All of this contributes to a further decline in the total assessed value of real estate in City A, which means that the tax rate on the remaining property owners increases again in order for the school district to continue to collect its $1.5 million levy. That means the property taxes on my factory increase again.

Let’s assume that NUCO is looking to build a new factory. They have their site consultants evaluate various locations, including City A. They note that City A has rising property tax rates and when they compare property taxes in City A to other locations, they conclude that they could save money by locating in City B. As more companies make the same decision, jobs become scarcer. With fewer jobs in City A, more people move away. As the downward spiral continues, the property taxes continue to increase on my factory and City A continues to become more impoverished. Eventually I reach a point where I decide to move my factory out of City A.

This is a very simplistic example, but it illustrates what has happened and continues to happen in many areas in Illinois. The property tax system can contribute to an area’s downward spiral into poverty and make it more difficult to reverse that downward spiral.

State income tax and sales tax credits and incentives can entice companies to locate in impoverished areas, but they must be high enough to offset the higher property taxes associated with these areas, or they must be coupled with local property tax incentives (reductions). As an alternative to, or in conjunction with, local property tax relief, the state can offer additional incentives for businesses to locate in impoverished areas. The most recent version of the Illinois EDGE credit against the income tax includes an idea I suggested: providing a greater credit against the income tax for companies that locate in an underserved, impoverished area. This concept is also embodied in the 2019 Data Center Investment legislation, which provides an income tax credit for data centers that locate in these underserved areas. I was a principle drafter of that legislation.

However, like most things tax-related, there is no quick and easy fix. Without incentives to locate in impoverished areas with high property taxes, the overwhelming majority of businesses will choose to set up shop in areas that allow them the greatest amount of profit.
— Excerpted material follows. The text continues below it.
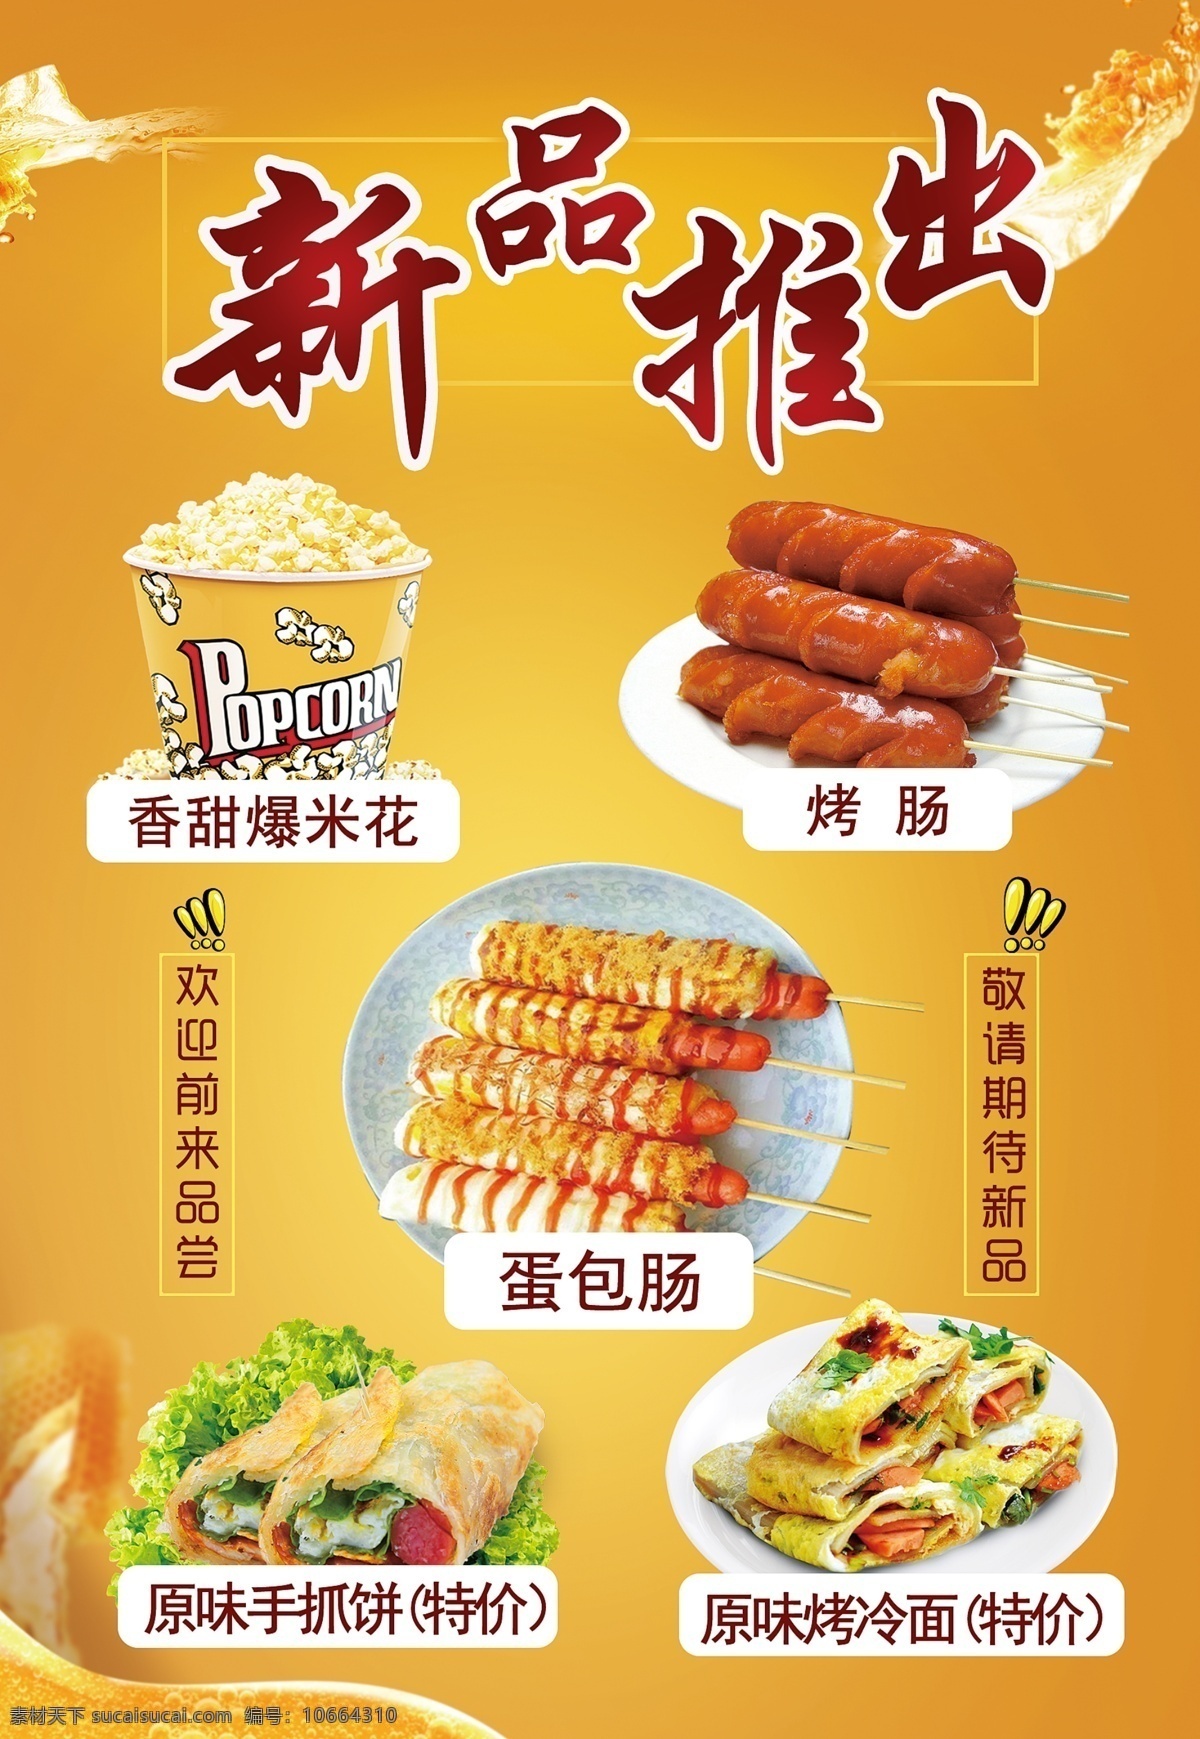 新品推出 海报 橘色 黄色 美食 餐饮 小吃 展板 广告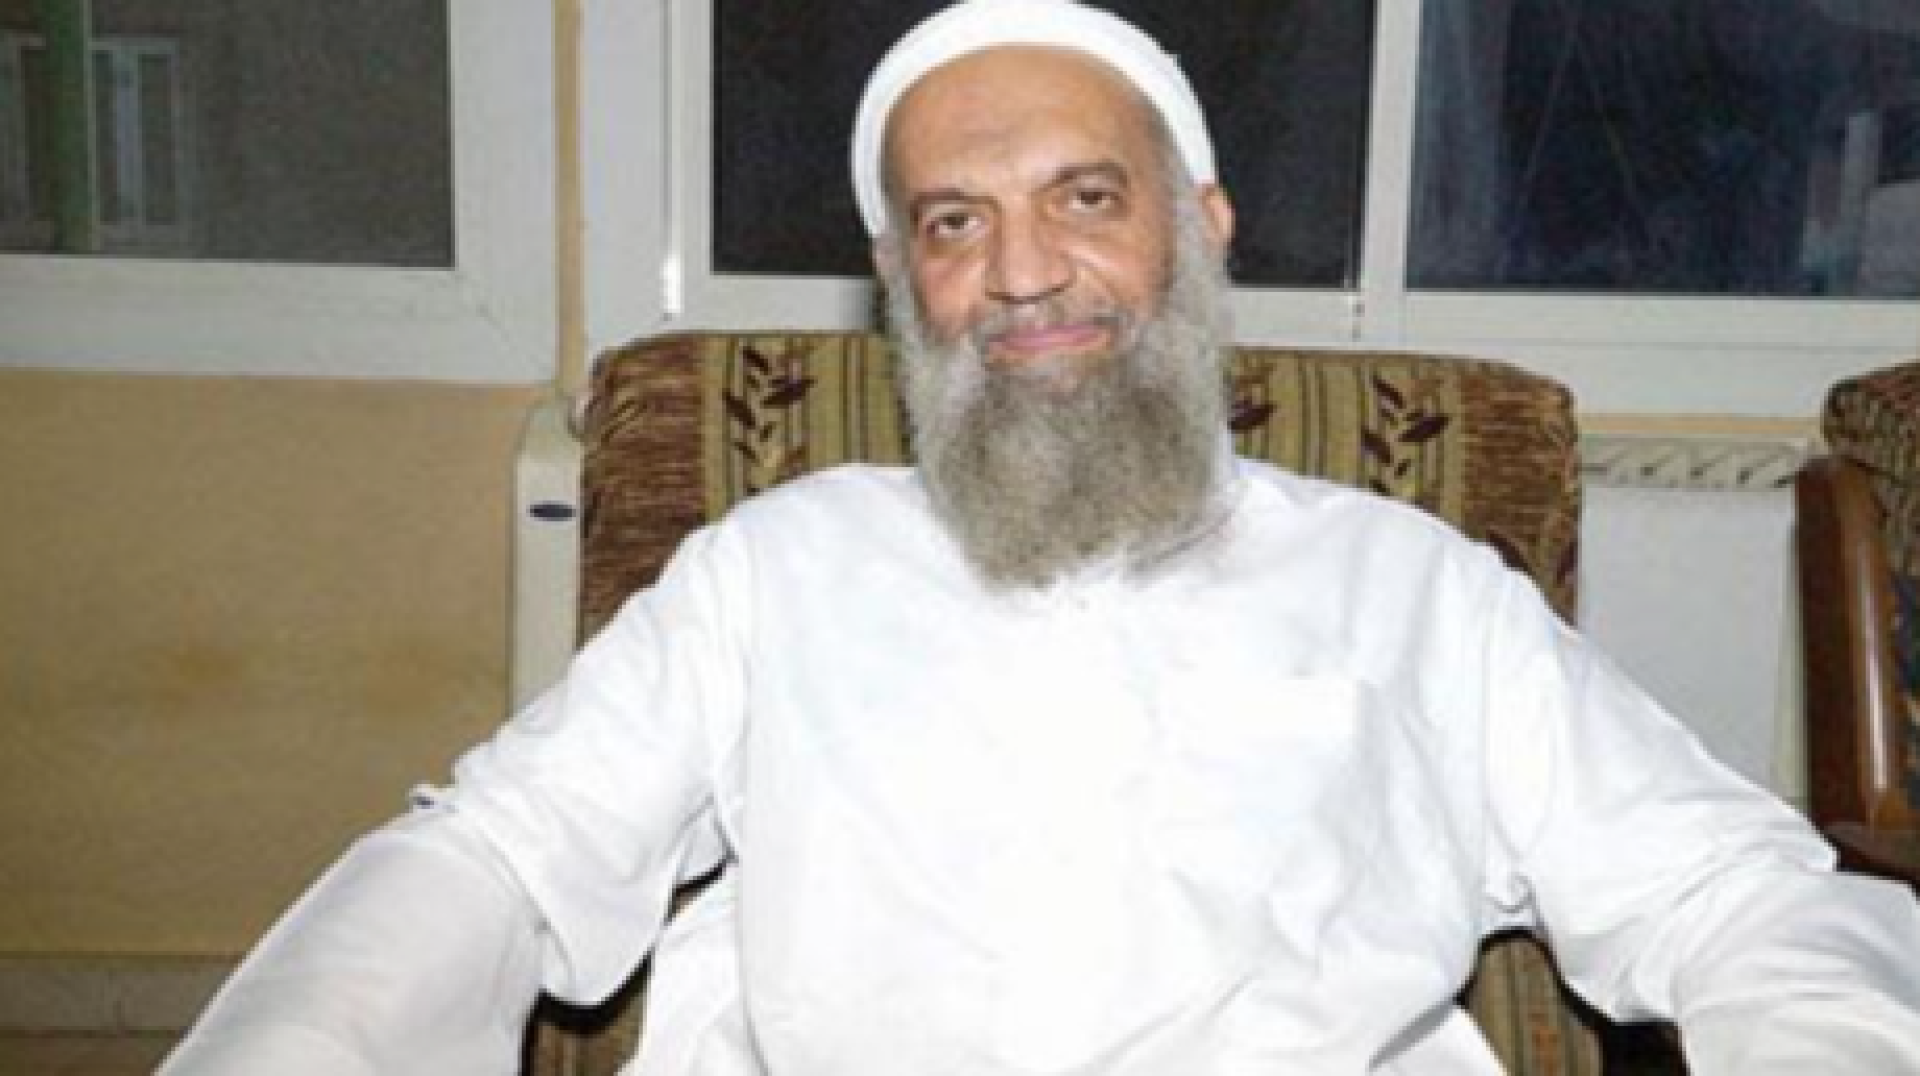 وفاة محمد الظواهري القيادي السابق في حركة الجهاد الإسلامي وشقيق زعيم القاعدة سابقا

While there are arguments against these incentives on both sides of the political spectrum, I believe that state-level tax credits and incentive programs are vital to encouraging businesses to move into and serve the cities and neighborhoods that badly need them.


Leave a comment
  1. Ronald G | Jun 10, 2021
    Still trying to figure out  how our  tax has increased 8 to 10 % each year  for the past three.  There have no  tax referendums during that time, nor has the  value increase accordingly.
  2. Don Rubin | Oct 07, 2020

    Pension and health care liabilities make it virtually iimpossible for the taxing bodies to wean themselves off of property taxes. I believe the State’s Medicare iability adds another $10 billion to its annual obligations.  With no significant aid coming from the Sate, and with the additional expenditures arising from the costs of first responders, how do we extricate ourselves from the quicksand? Without vast infusions of capital from the federal government, what other source of revenue is there, aside from taking a much tougher approach on tax exemptions?

  3. Thomas R Henderson | Oct 02, 2020
    great explanation Keith.
  4. Dan Johnson | Oct 02, 2020
    Thanks for the column Keith and your engagement. Wouldn't you say we need to also extend the base to a larger area -- say, a county -- so that our relatively tiny local governments aren't always fighting for EAV? I understand Minnesota has implemented this concept where the growth in value from large properties is shared with many local governments instead of all that value essentially hoarded by the small governments that capture the taxable aspect of that value. Isn't that a structural solution to the downward spiral facing small communities without much EAV to tax? Thank you again.